**Work instruction**:
Set down, word for word, every line of the material below from the one containing "Stylish Light Skin" through the one containing "Disgraced former Wild", but none of its pictures.

**Data listing**:
----------

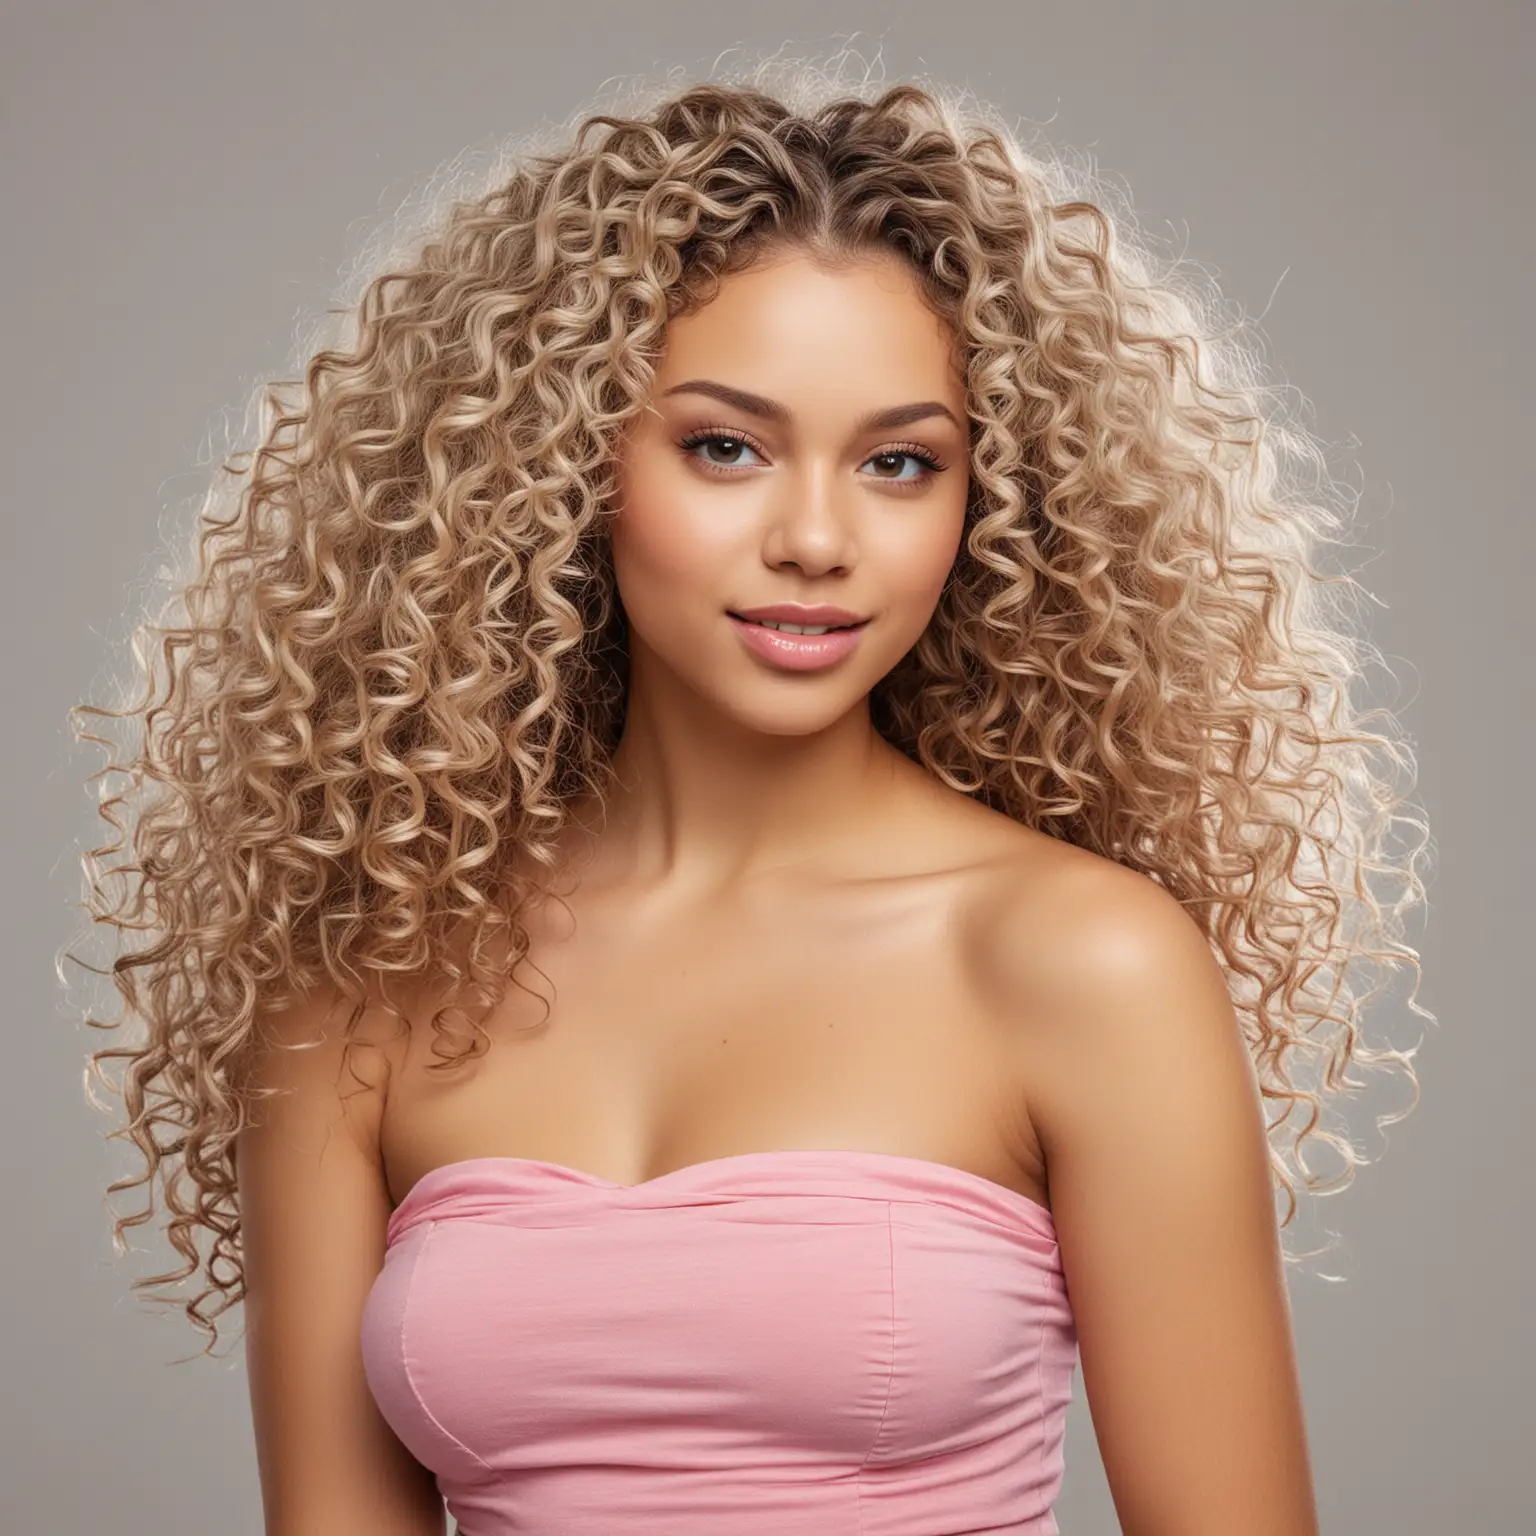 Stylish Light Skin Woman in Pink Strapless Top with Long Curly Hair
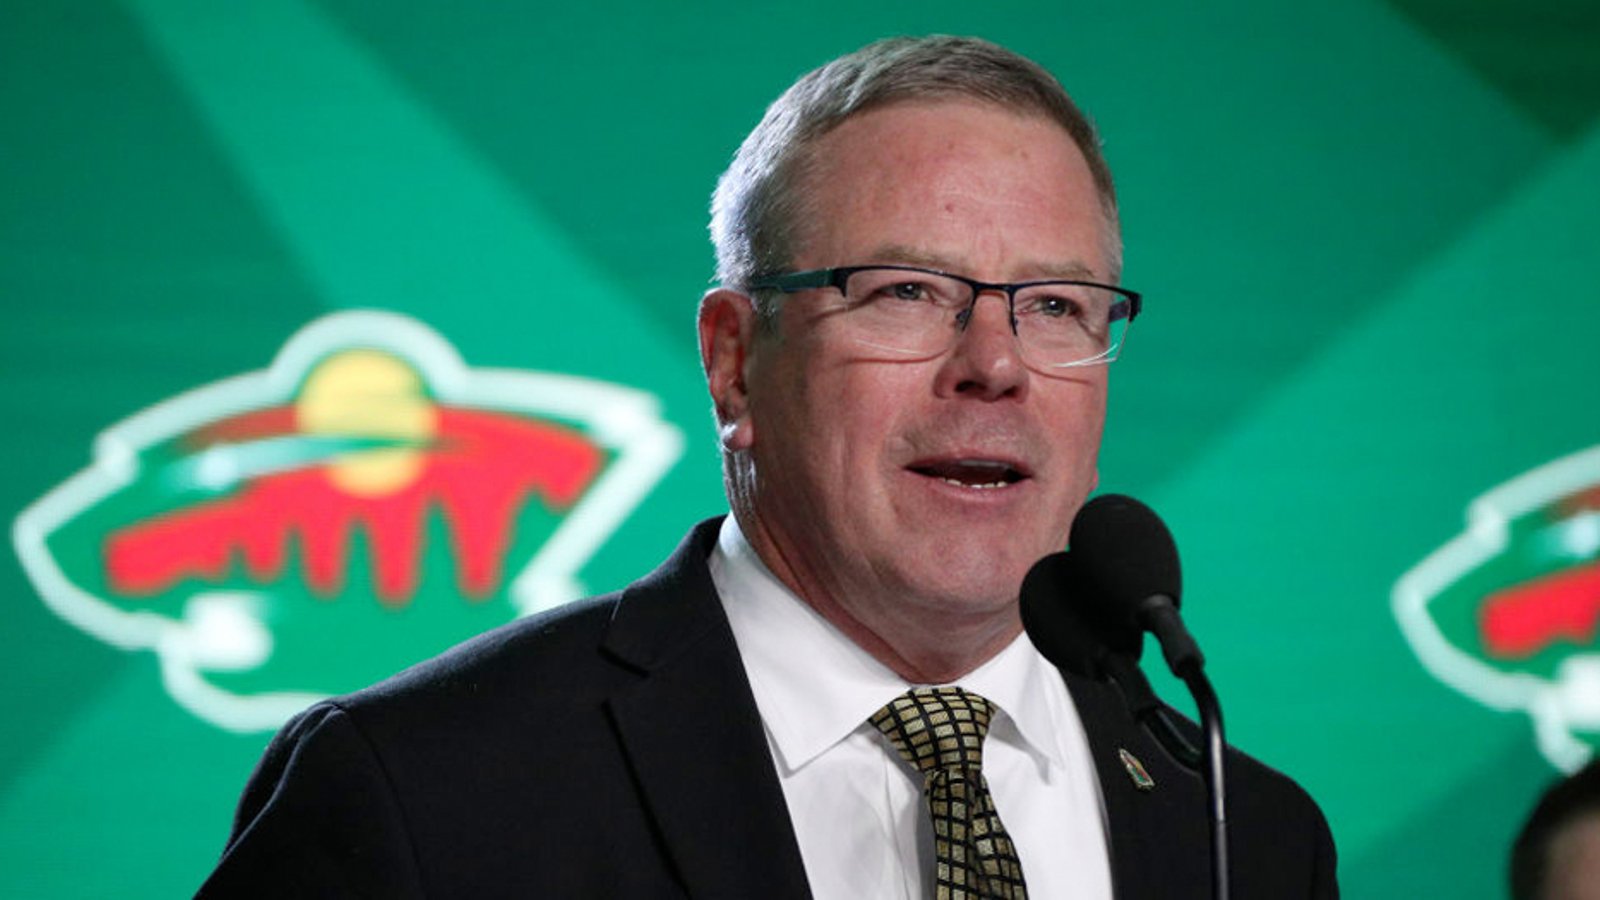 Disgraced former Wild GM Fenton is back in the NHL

----------

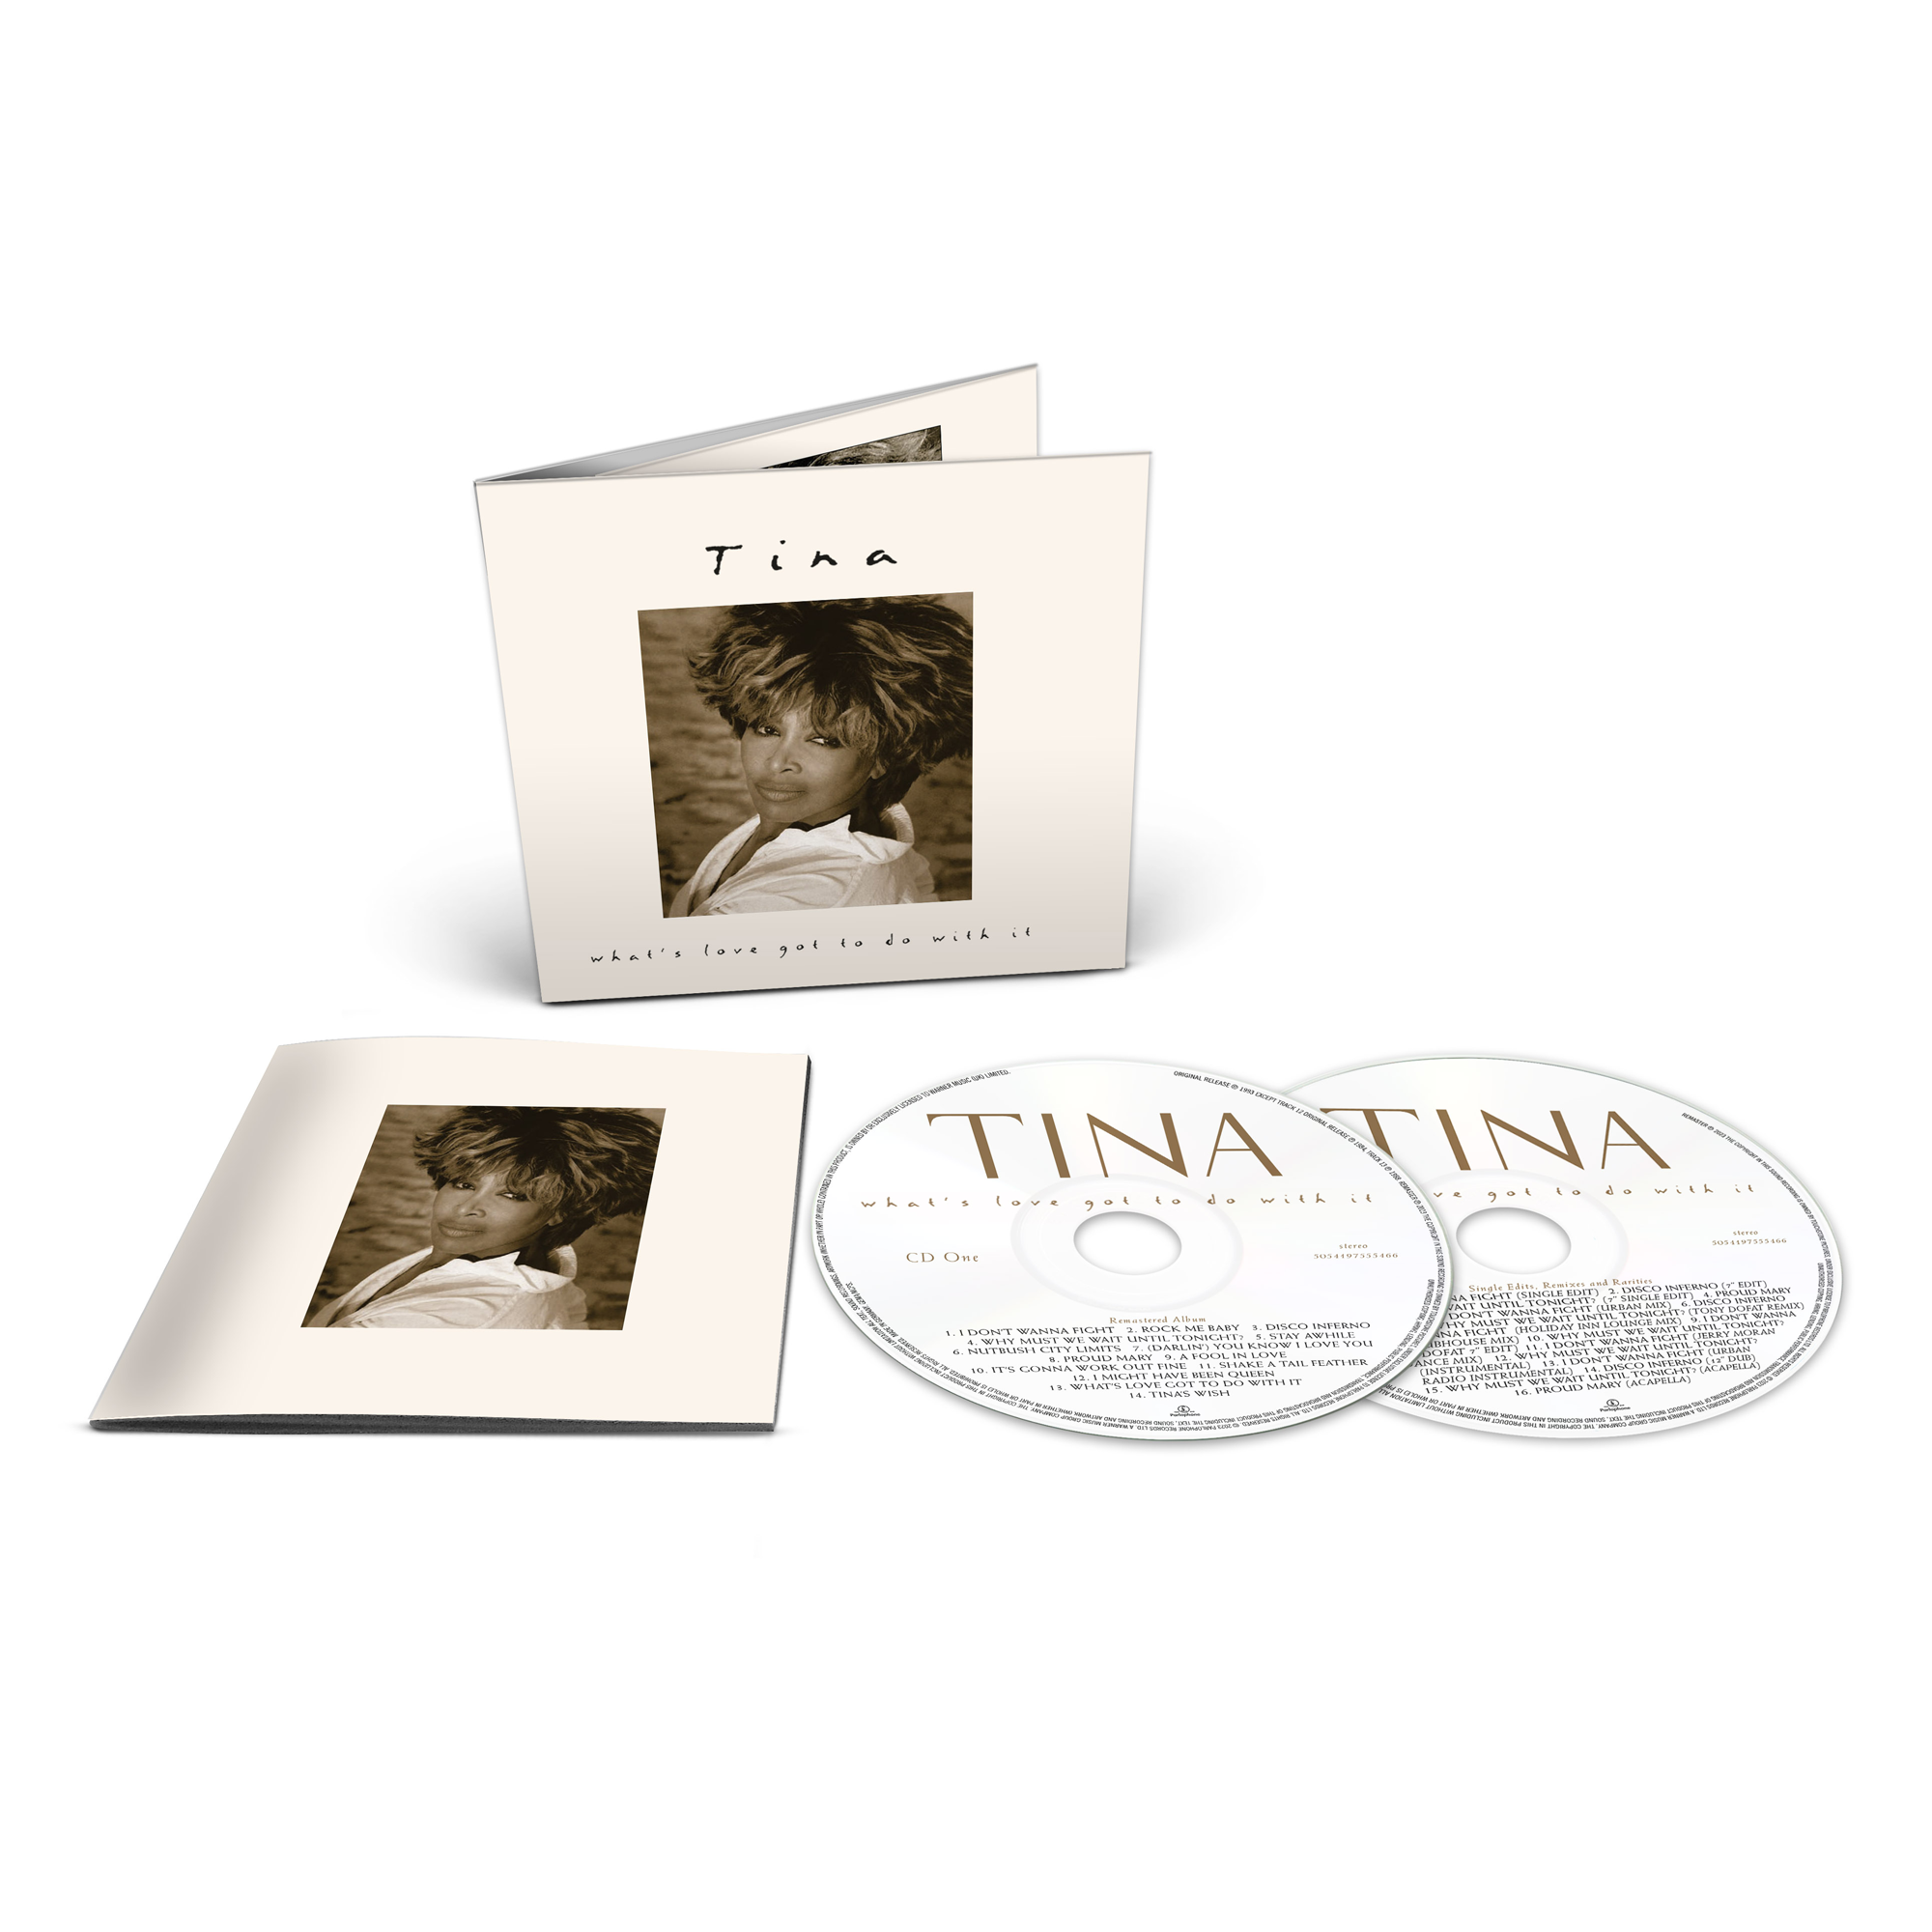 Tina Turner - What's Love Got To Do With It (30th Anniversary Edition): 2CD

----------

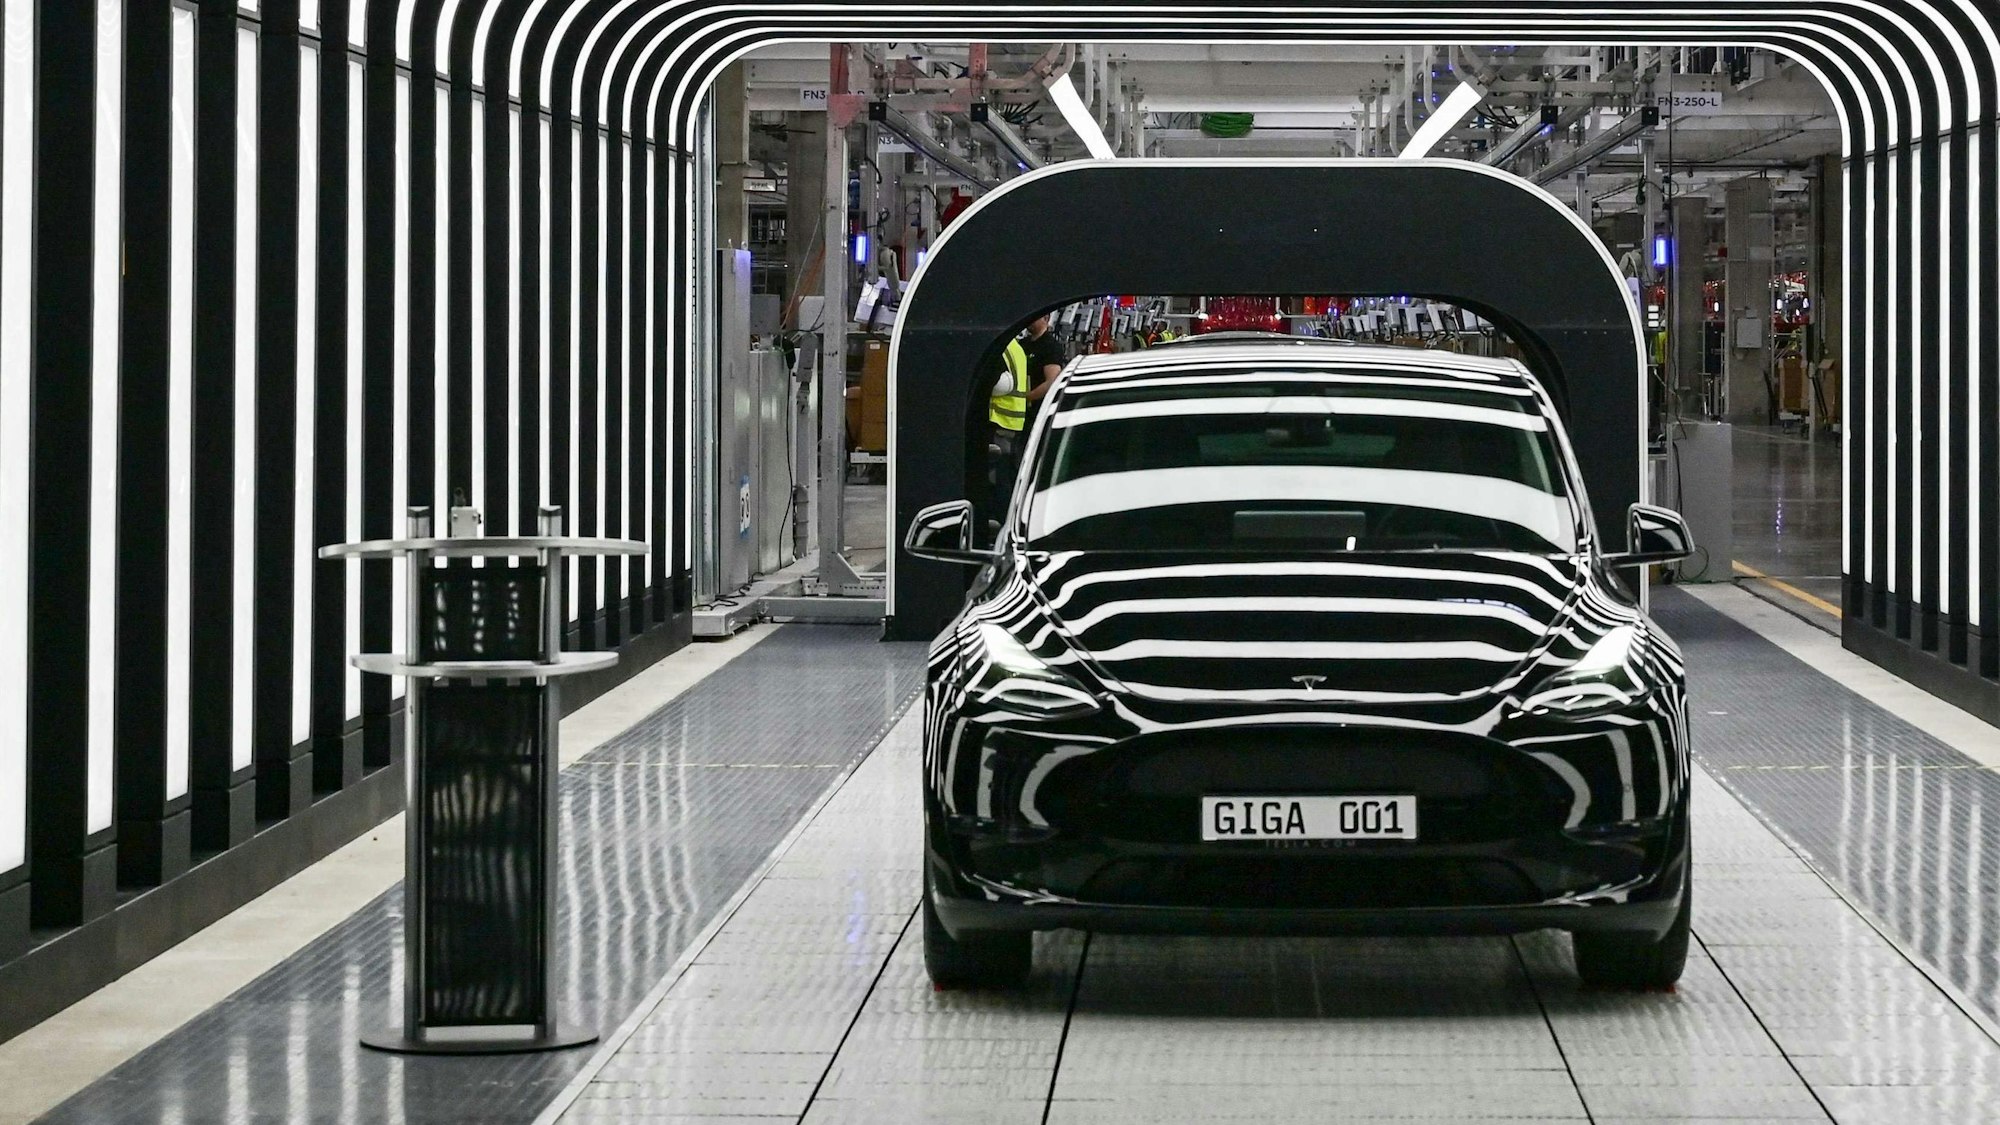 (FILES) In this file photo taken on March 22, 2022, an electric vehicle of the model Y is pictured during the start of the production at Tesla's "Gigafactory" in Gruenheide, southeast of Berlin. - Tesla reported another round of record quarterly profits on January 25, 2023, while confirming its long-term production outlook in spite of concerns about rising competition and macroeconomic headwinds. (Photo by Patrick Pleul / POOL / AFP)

----------

**Answer to the exercise**:
 Stylish Light Skin Woman in Pink Strapless Top with Long Curly Hair
 Disgraced former Wild GM Fenton is back in the NHL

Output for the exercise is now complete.